- Hangul: 증권투자상담사
- Hanja: 證卷投資商談師
- RR: jeunggwon tuja sangdamsa
- MR: chŭngkwŏn t'uja sangdamsa

= Certified Securities Investment Advisor =

In South Korea, a Certified Securities Investment Advisor (CSIA) is a certified professional permitted to offer investment advice to clients and to accept purchase and sale orders for certain financial products on their behalf. The products which CSIAs are permitted to handle include stocks, bonds, mutual funds, beneficiary certificates, and equity-linked warrants; however, the handling of futures, options, and over-the-counter derivatives is reserved for Certified Derivatives Investment Advisors. As of 2010, there were 111,214 registered CSIAs.

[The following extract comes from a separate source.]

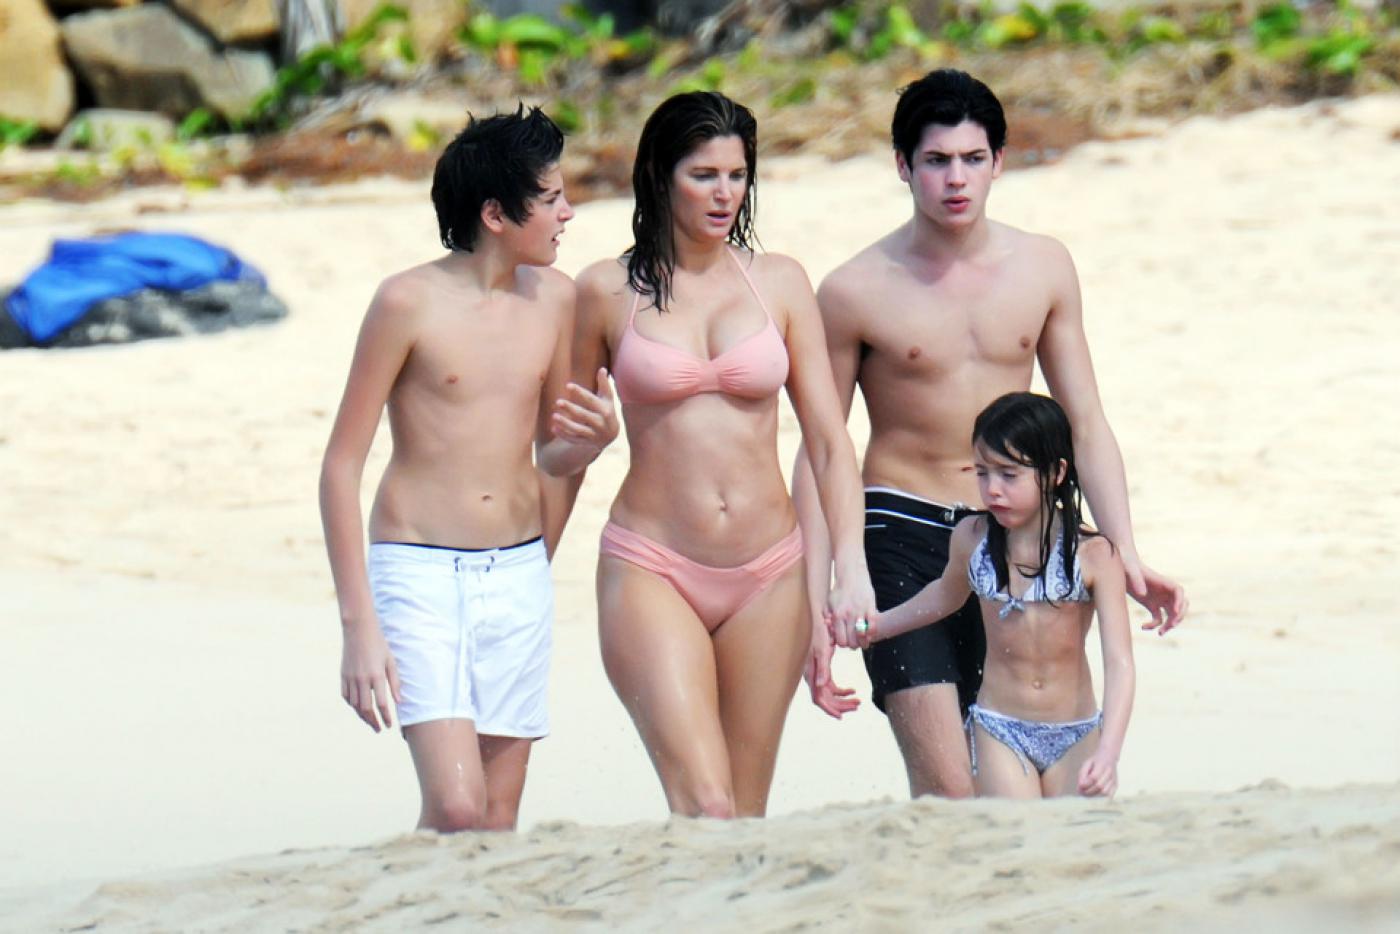 В нижнем белье перед сыном. Стефани Сеймур с сыном 2011. Стефани Сеймур с сыном. Стефани Сеймур с сыном 18. Стефани Сеймур с сыном на пляже.

To become a CSIA, one must pass the qualifying examination offered by the Korea Institute of Financial Investment, an arm of the Korea Financial Investment Association (KOFIA). In July 2008 (the 69th sitting of the examination), 16,117 candidates took the examination, of whom 5,687 (35%) passed. Among the examinees, 894 were employees of securities firms, while the remaining 4,793 were university students or other ordinary people. Younger people are also known to take the examination; for example, in July 2011, an 11-year-old primary school student passed the examination and became the youngest CSIA ever.